We have also used the Monograms suture, a specialized absorbable suture, with cross-segmented stabilizers at 90 degrees to the main axis of the suture, which was developed by Dr. Eremia for the treatment of sagging facial tissues (Grams Surgical Suture, GramsMed, LLC Grafton, WI) (Figure 2). It can also be used in combination with various other techniques to produce overall face and neck improvement with minimal surgical manipulation.8
Liposuction
Neck, jowl and malar liposuction, if needed, may be performed through a nick incision adjacent to the affected facial subunit, concomitantly with various resuspension procedures.9
Silhouette Lift Apparatus and Suture
Most recently, we have used the Silhouette lift apparatus and suture to redefine brow, midface, jawline, and neck tissues. This comes with a built-in apparatus that provides for ease of introduction of this specialized polypropylene suture.10 There will be more on this subject in the literature to come.
Our Technique
Here we describe the technique we have employed for jawline redefinition and jowl correction in 10 patients thus far. Other complementary procedures, such as liposuction, fat transfer and other various tissue augmentative techniques can be performed concurrently.
Anesthesia
After the patient is prepped, the closed technique is performed under local anesthesia, with or without conscious sedation. When done in conjunction with neck and jowl liposuction, the procedure is usually preceded by the introduction of tumescent anesthesia.
Surgical Method
An incision is made in the posterior auricular crease that is approximately 1.5 cm to 2 cm in length. This is taken to the depth of the supra-SMAS layer. Subsequently, Metzenbaum scissors are utilized for minimal blunt undermining at this level.

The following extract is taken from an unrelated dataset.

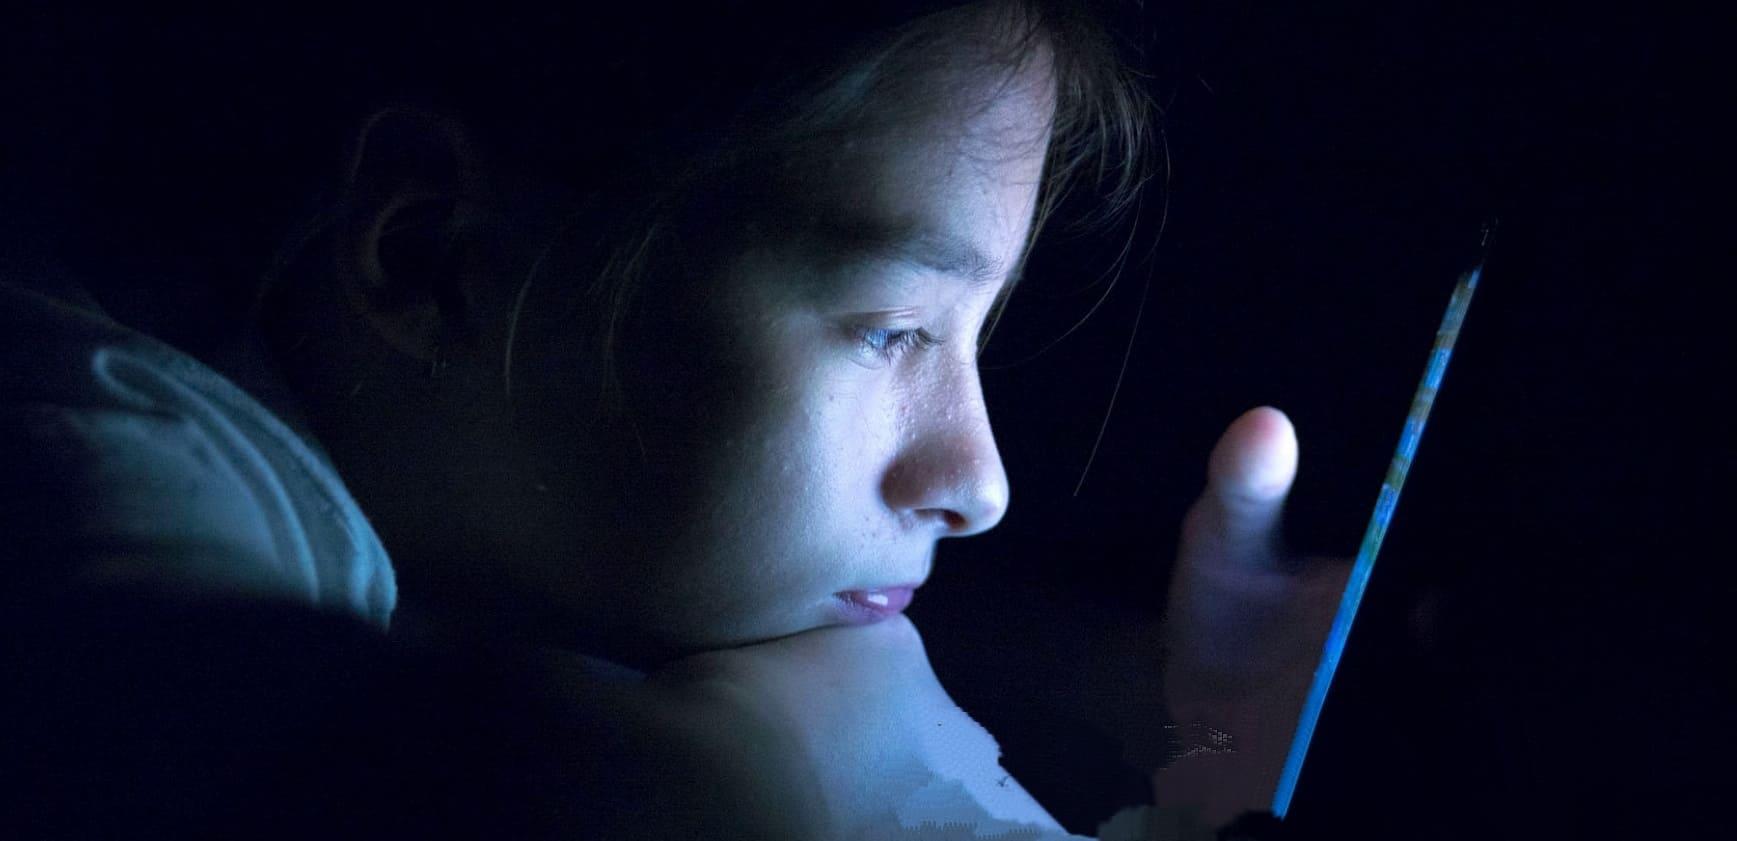 Цифровой аутизм или до чего доводят телефоны

In general, the specialized thread can be inserted to the desired location, while simultaneously taking care to stay in the supra-SMAS layer and parallel to the surface of the skin.

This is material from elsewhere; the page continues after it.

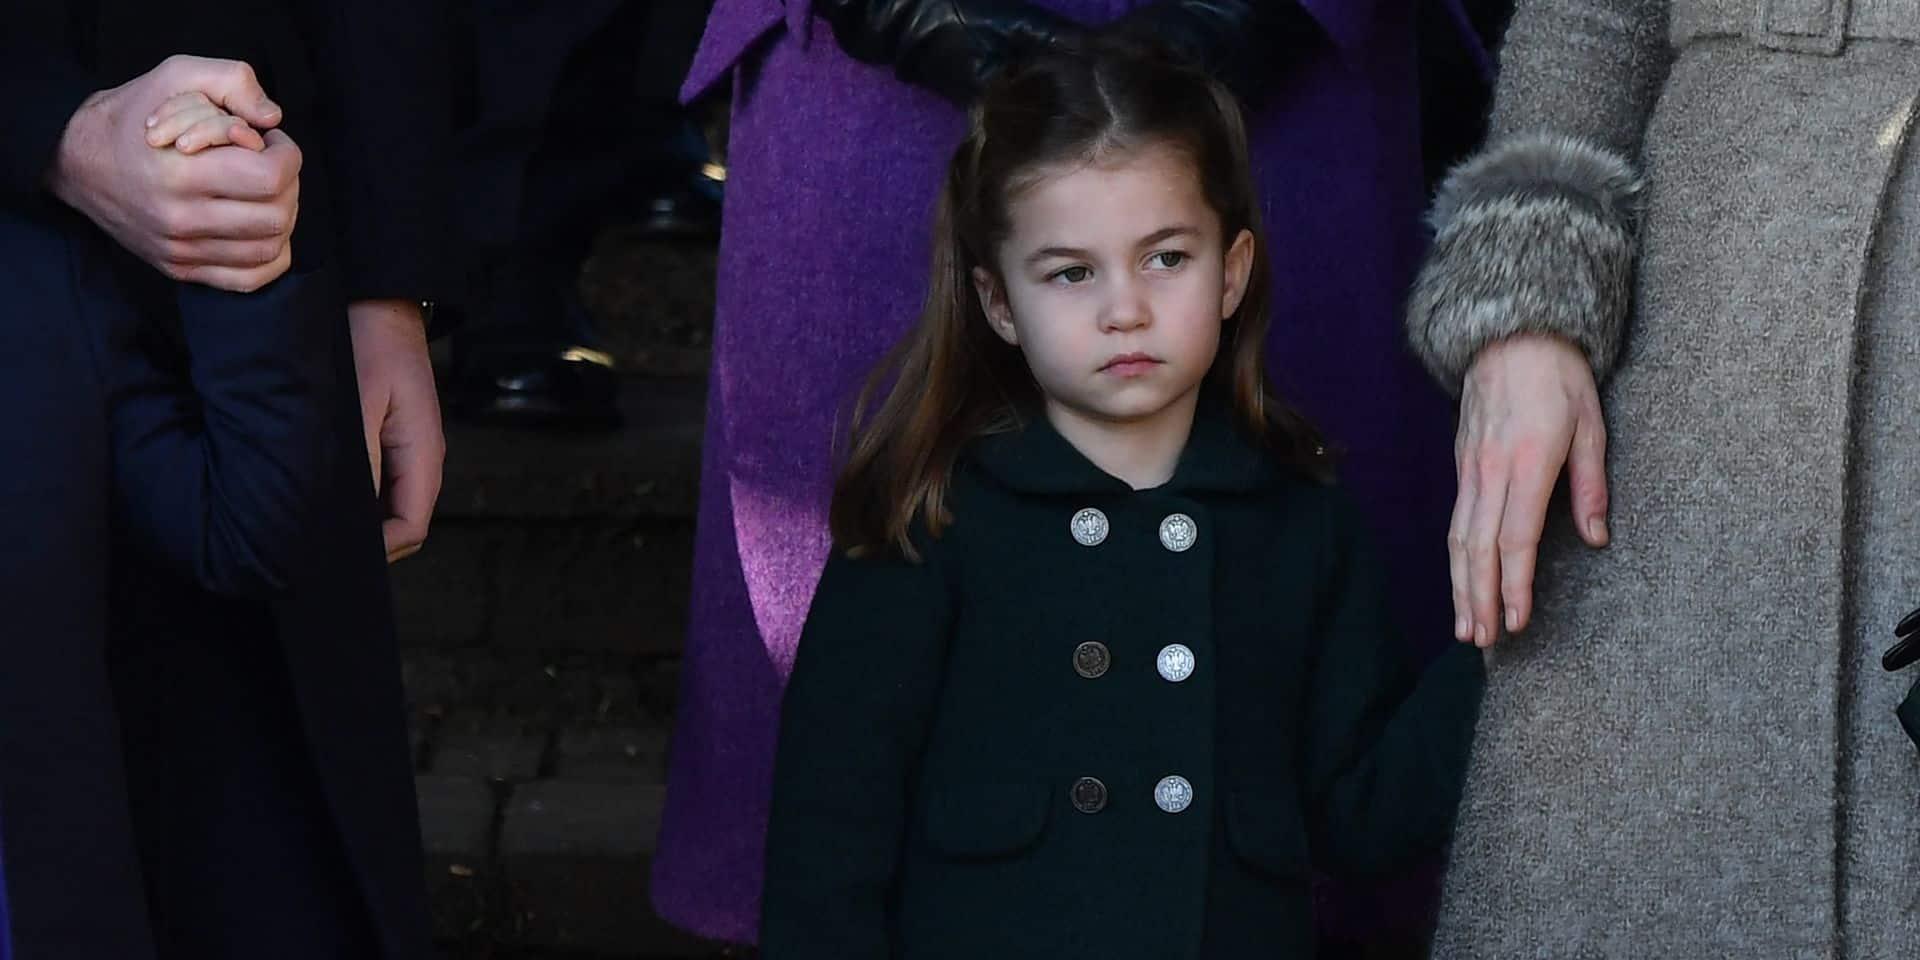 L'encas préféré de la princesse Charlotte est particulièrement raffiné pour une fille de 6 ans

The suture then is plicated to the underlying SMAS at the proximal anchoring point, which subsequently achieves the desired resuspension of the tissue in the proper vector and direction. Additional specialized sutures may be utilized in the same plane to achieve the required aesthetically acceptable endpoint.
The curved tapered needles on the proximal end of the suture are tied in pairs to the underlying SMAS, thereby achieving the immediate result of tissue repositioning and suspension.
The distal suture ends are severed at level with the skin.
Finally, the posterior auricular incision is reapproximated with a 5.0 prolene suture, which is removed 5 to 7 days post-operatively. (Figures 3A and 3B).
Minimally Invasive and Compatible Procedures
The aforementioned minimally invasive techniques are ideal for the improvement of the early signs of tissue laxity. The procedure can be tailored to an isolated facial subunit without causing distortion to surrounding facial tissues. This can be done under local anesthesia or with mild intravenous sedation, which is adjusted to maximize patient comfort.
These minimally invasive lifting techniques are a great addition to the armamentarium for alleviating the senescent changes of the face. They can be performed in conjunction with neck and jawline liposuction, soft tissue augmentation, botulinum toxin injections, blepharoplasty, and laser resurfacing.